The adopted approach to calculate the desired probability is by adding all the individual probabilities up from getting 0 heads in 100 coin tosses all the way to getting 50 heads in the tosses. 

In the for loop, the **combo** variable captures the number of ways the number of heads can appear in the 100 coin tosses while order of the heads does not matter.
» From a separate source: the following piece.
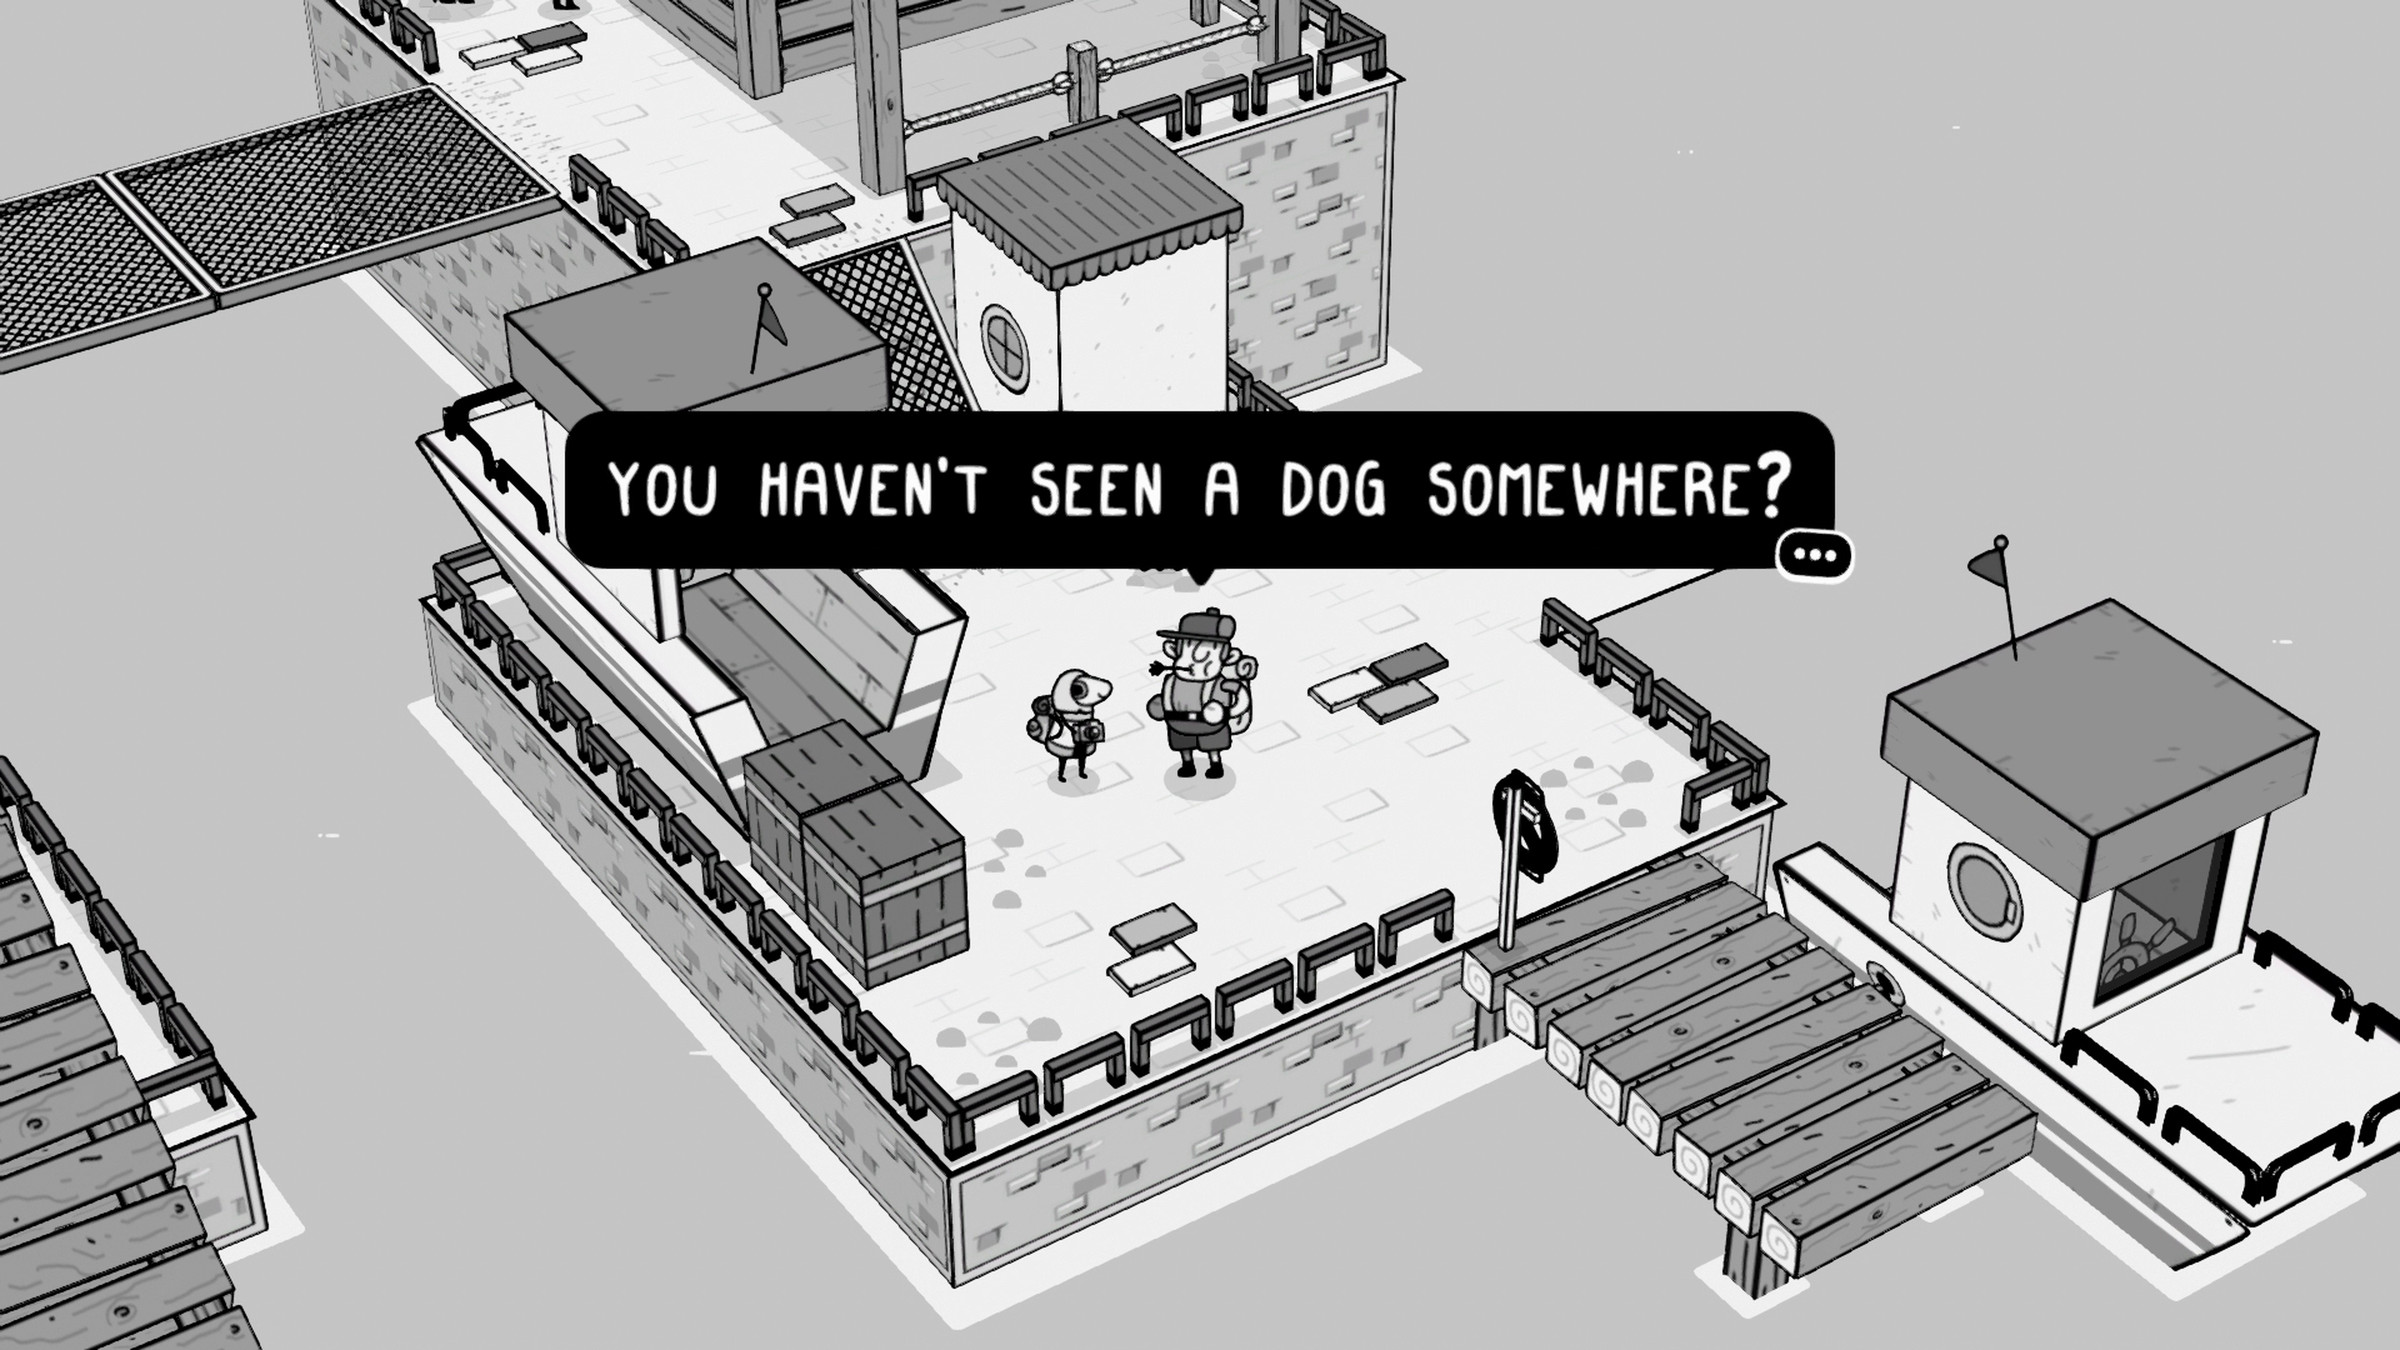 One quest involves finding this person’s dog.

The combo variable calculates combinations of **100 Choose i**, where i being the number of heads in the coin tosses. 

$$combo = _{100}C_{i} = \frac{100!}{i! (100-i)!}$$

*Note that the value of 100! appears on the top of the fraction is stored as a variable **fact_100** to avoid calculating this number for all the 51 events we are interested in.* 

Then the **cur_prob** variable calculates the probability for flipping i heads out of 100 coin tosses, which is the number of ways i heads can appear in the 100 coin tosses multiplied by the probability of observing i heads with each probability of 2/3 in each toss and observing (100 - i) tails with the probability of $$\frac{1}{3} = (1 - \frac{2}{3})$$. 


Below is the general formula for flipping i heads out of 100 coin tosses with 2/3 probability of getting heads:
$$ \frac{100!}{i! (100-i)!} * \frac{2}{3} ^ {i} * \frac{1}{3} ^ {100 - i}$$


Then by adding all the cur_probs up for each for loop iteration to the **agg_prob** variable, we will get the desired output. In this case, the probability is **around 0.042%**.